Rivoluzione nel Calcio Italiano, diritti tv in mano agli spagnoli per una cifra record

E’ vera e propria rivoluzione per il calcio italiano. Come riporta la Gazzetta dello Sport oggi in edicola, il gruppo spagnolo Mediapro si è aggiudicato i diritti tv domestici della Serie A per il triennio 2018-21 facendo saltare il banco: offerta da un miliardo e 50 milioni annui più 1000 euro simboliche, giusto a superare la base d’asta e a rendere automatica l’accettazione da parte della Lega. Entro 45 giorni è atteso l’ok dell’Antitrust, poi l’assegnazione diventerà esecutiva e il licenziatario avrà due settimane di tempo per fornire le garanzie bancarie richieste (per ora ci sono le lettere d’impegno della capogruppo Imagina). I club di A e Infront festeggiano, e tirano un sospiro di sollievo.

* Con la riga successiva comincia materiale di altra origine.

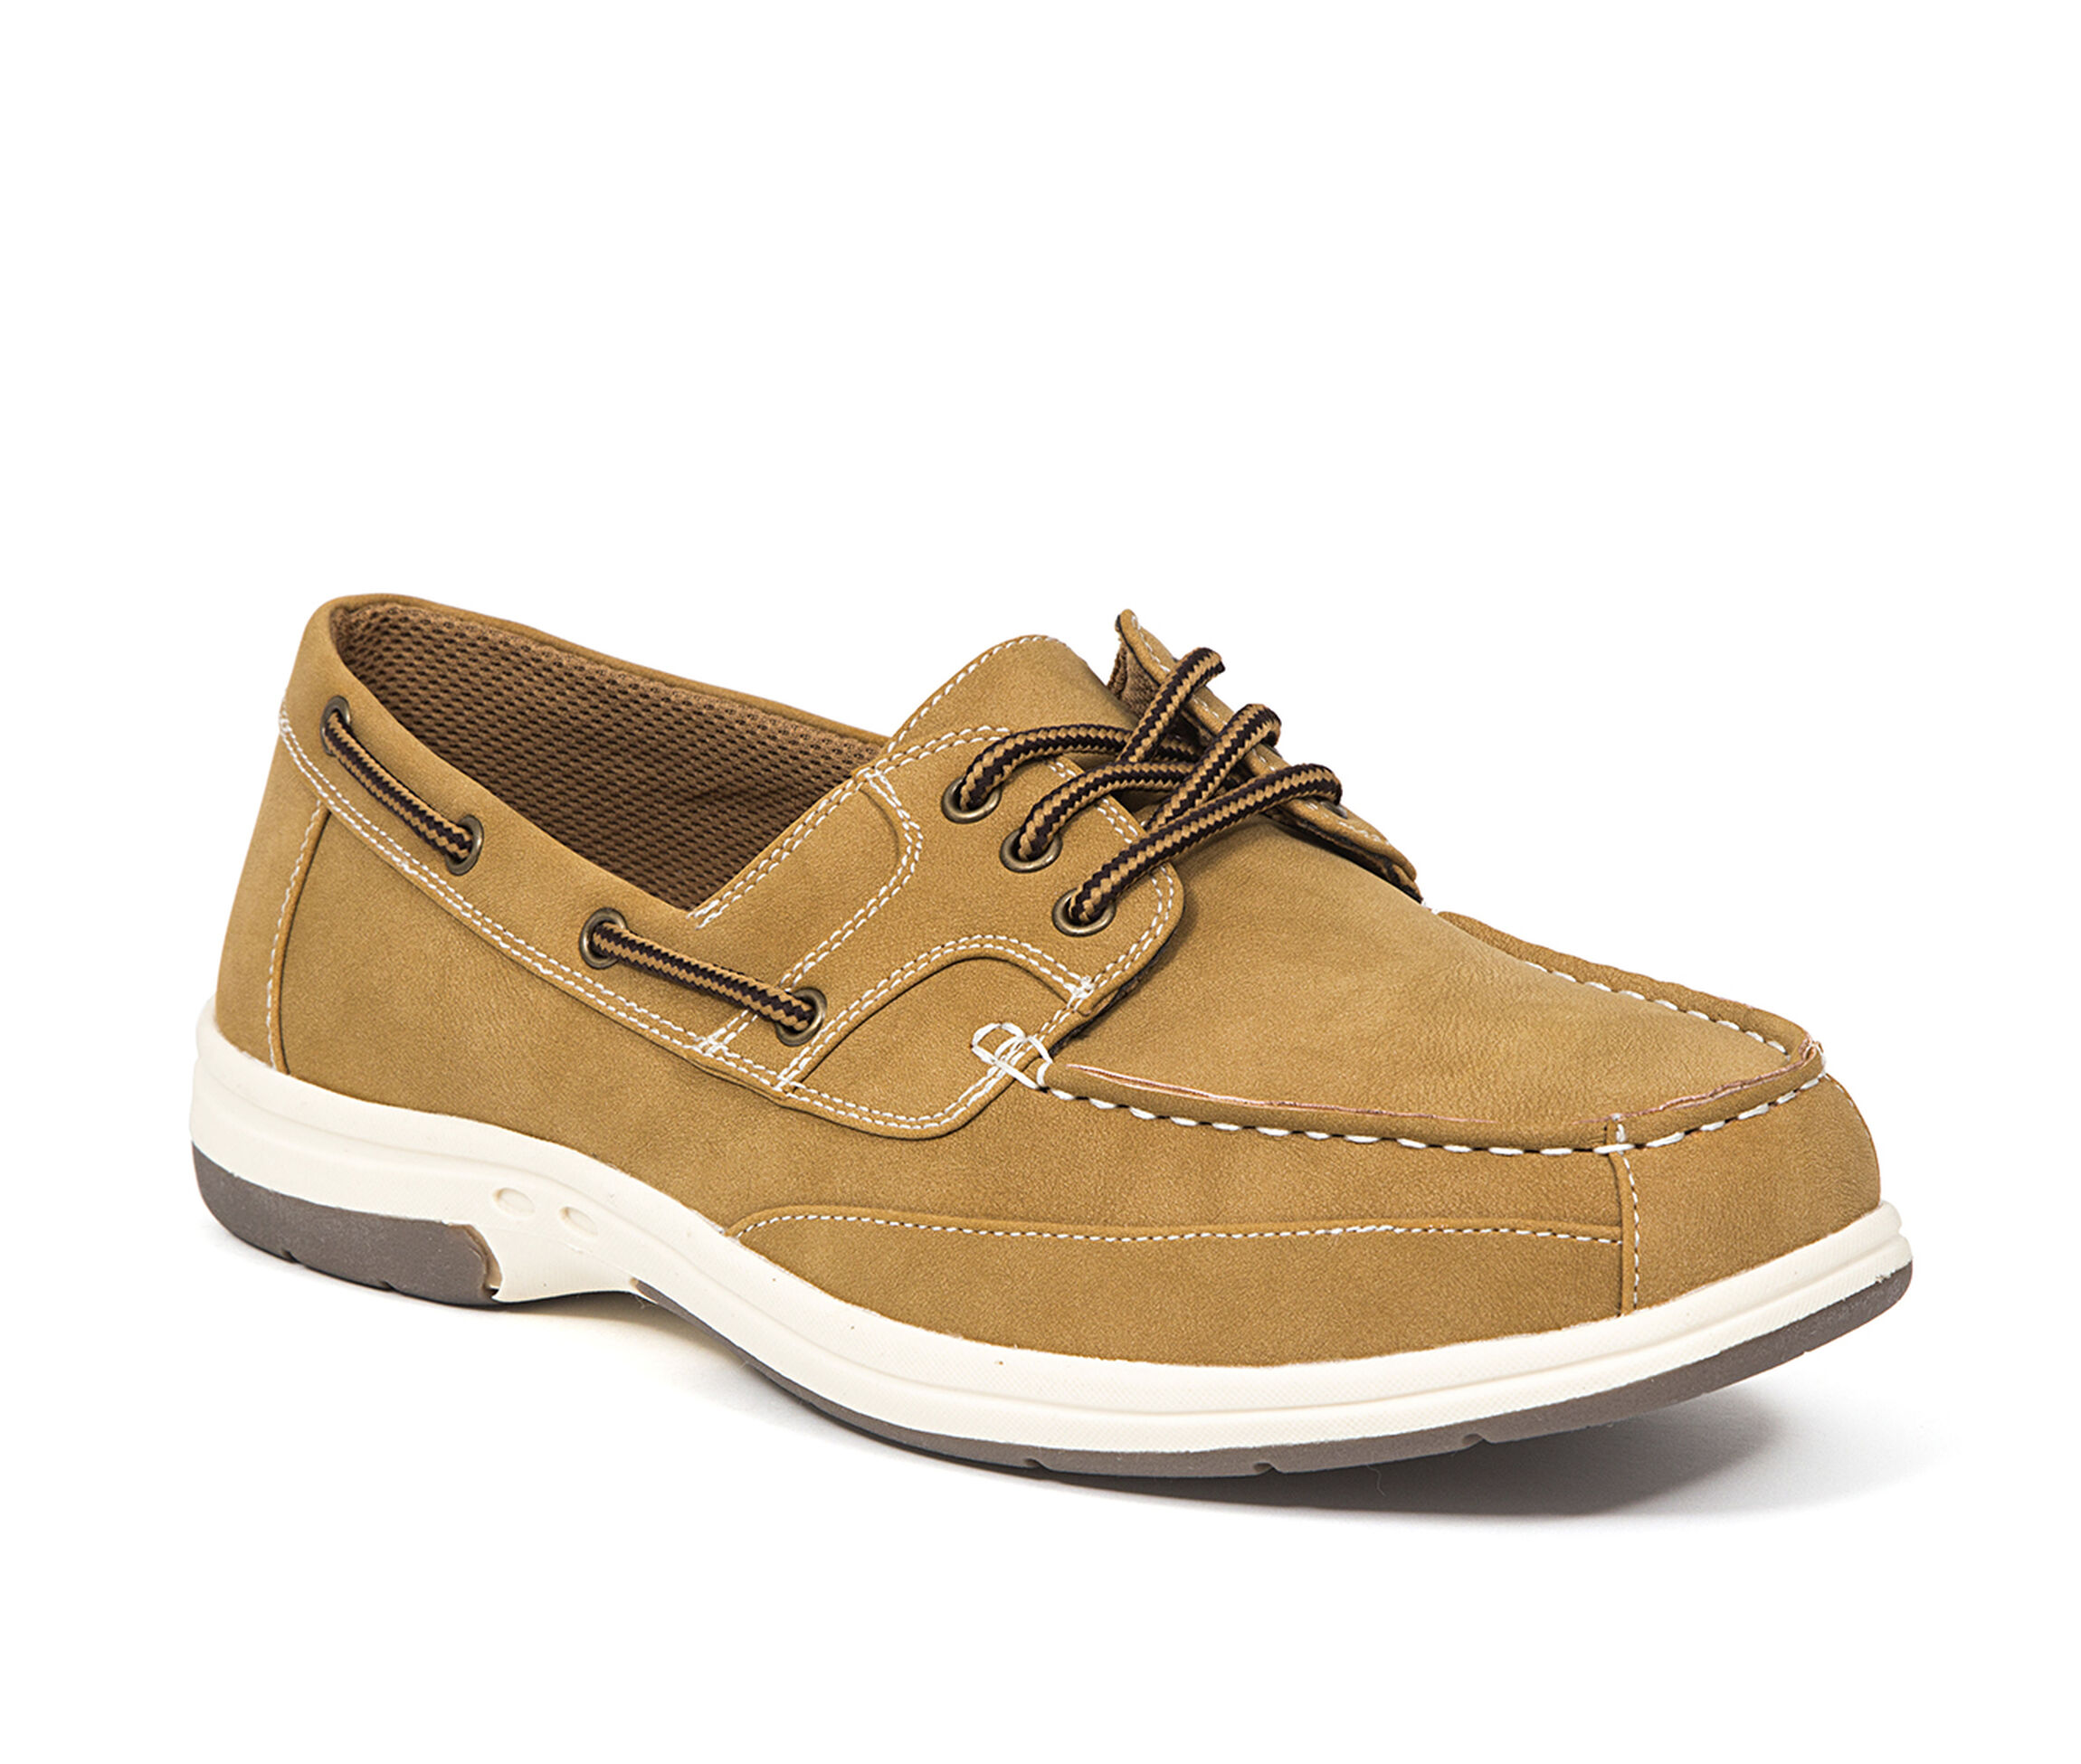 Men's Deer Stags Mitch Boat Shoes in Light Tan Size 9 Medium

L’asta fino a qui aveva visto abbassare l’offerta rispetto agli incassi dei diritti del precedente triennio 2015-18, finché non è intervenuto l’intermediario spagnolo che si è così aggiudicato i diritti per la trasmissione a pagamento delle 380 partite del campionato nelle vesti di intermediario. Le carte in gioco cambieranno dato che Mediapro non agirà come broadcaster ma avrà la facoltà di rivendere quei diritti ai diversi distributori operanti sul territorio italiano.  Quel che sicuramente cambia è il business dei diritti televisivi del calcio in Italia, per esempio Sky si troverà a perdere la sua posizione di indiscussa leadership. Potrà continuare a essere l’editore del calcio ma d’ora in poi dovrà fare i conti con tale soggetto per la gestione dei diritti.

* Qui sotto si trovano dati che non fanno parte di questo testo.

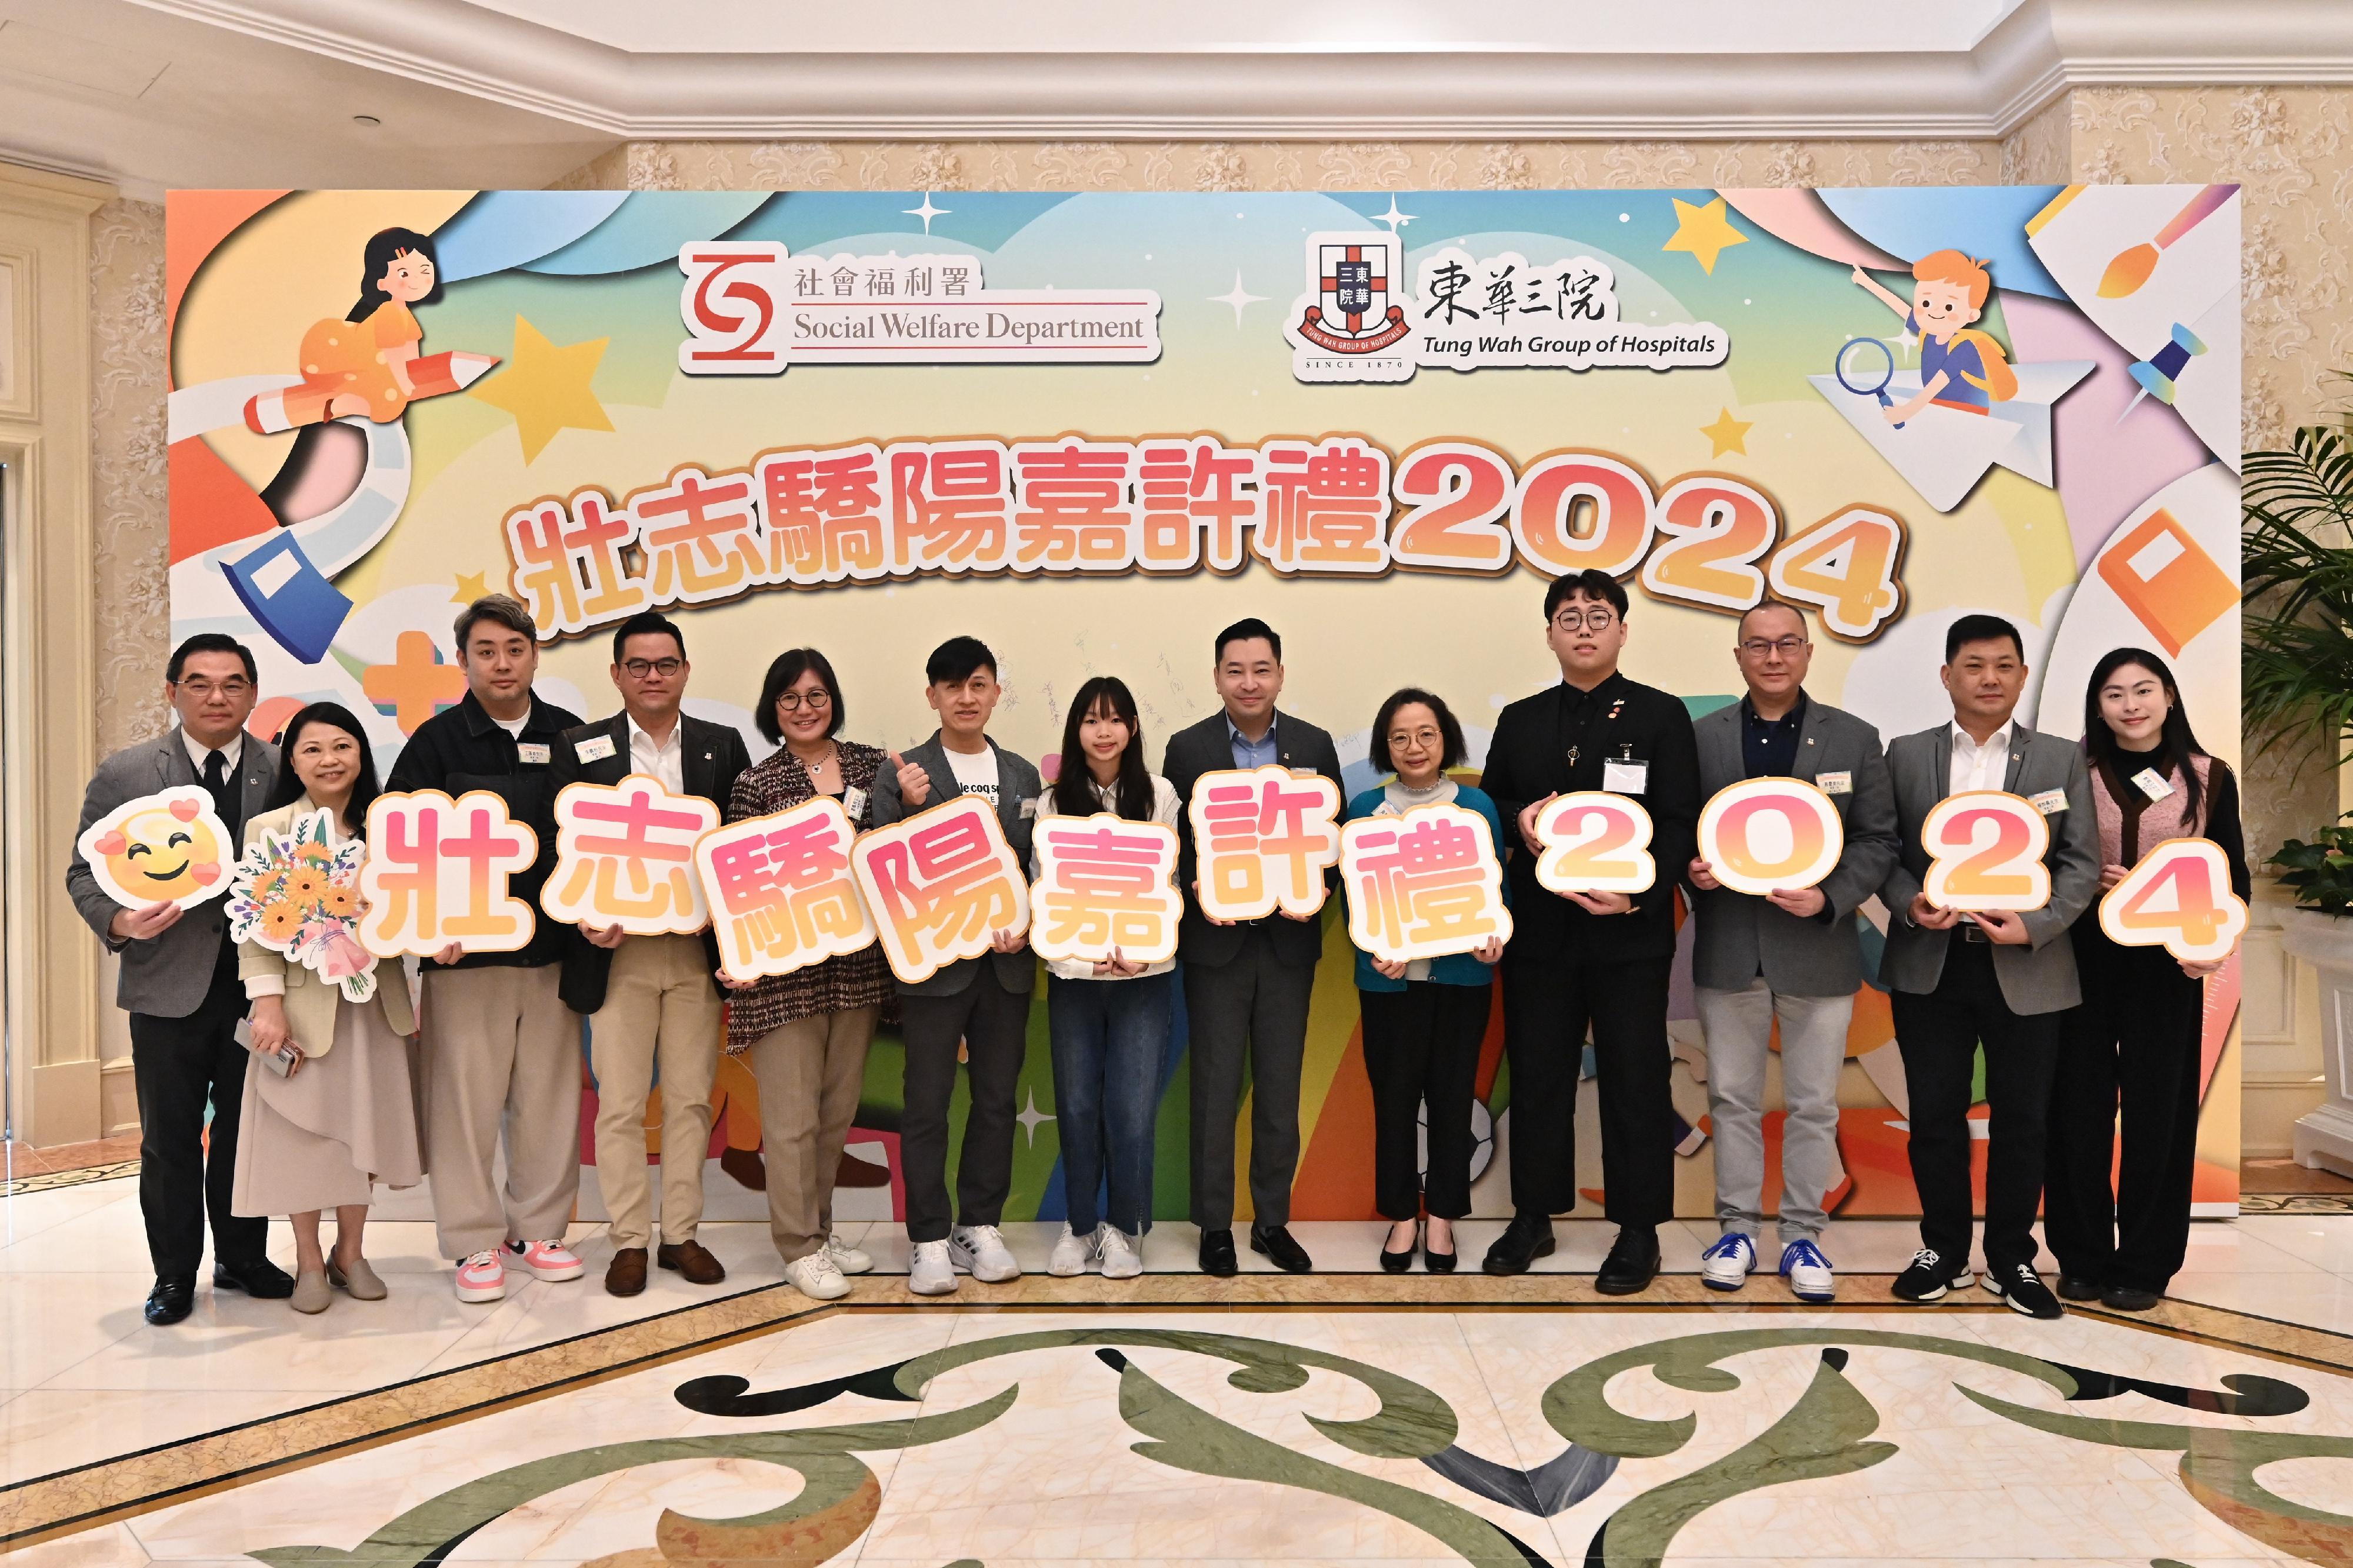 The Social Welfare Department co-organised the 2024 Award Presentation Ceremony for Director of Social Welfare (DSW) wards with the Tung Wah Group of Hospitals (TWGHs) today (March 16). Photo shows the Acting DSW, Ms Wong Yin-yee (fifth right), and the Chairman of the Board of Directors of the TWGHs, Mr Herman Wai (sixth right), in a group photo with other guests and some awardees.

I fondatori di Mediapro (Taxto Benet e Jaume Roures) sembrano disposti a trattare con tutti senza distinzioni ammettendo: “Per noi la cosa più importante è il tifoso, noi vogliamo dare a chi si abbona tutte le possibilità di vedere tutta la Serie A. Si vedrà su tutte le piattaforme possibili, in tutte le forme di distribuzione possibili. Pensiamo che la Serie A abbia un grande futuro, vogliamo fare un bel lavoro assieme alla Lega e agli operatori. Tenteremo di convincere tutti che sia importante dare la stessa immagine a tutto il torneo, e che noi abbiamo una grande capacità di produzione. Il marchio Serie A deve essere identificabile, come quando si guarda una partita di Premier e si capisce subito di che campionato si tratta».

Per la Lega di Serie A un traguardo inaspettato (+26% sul ciclo precedente), superando Bundesliga (1,4 miliardi) e avvicinandosi di non molto alla Liga (1,636 miliardi), irraggiungibile la Premier (3,25).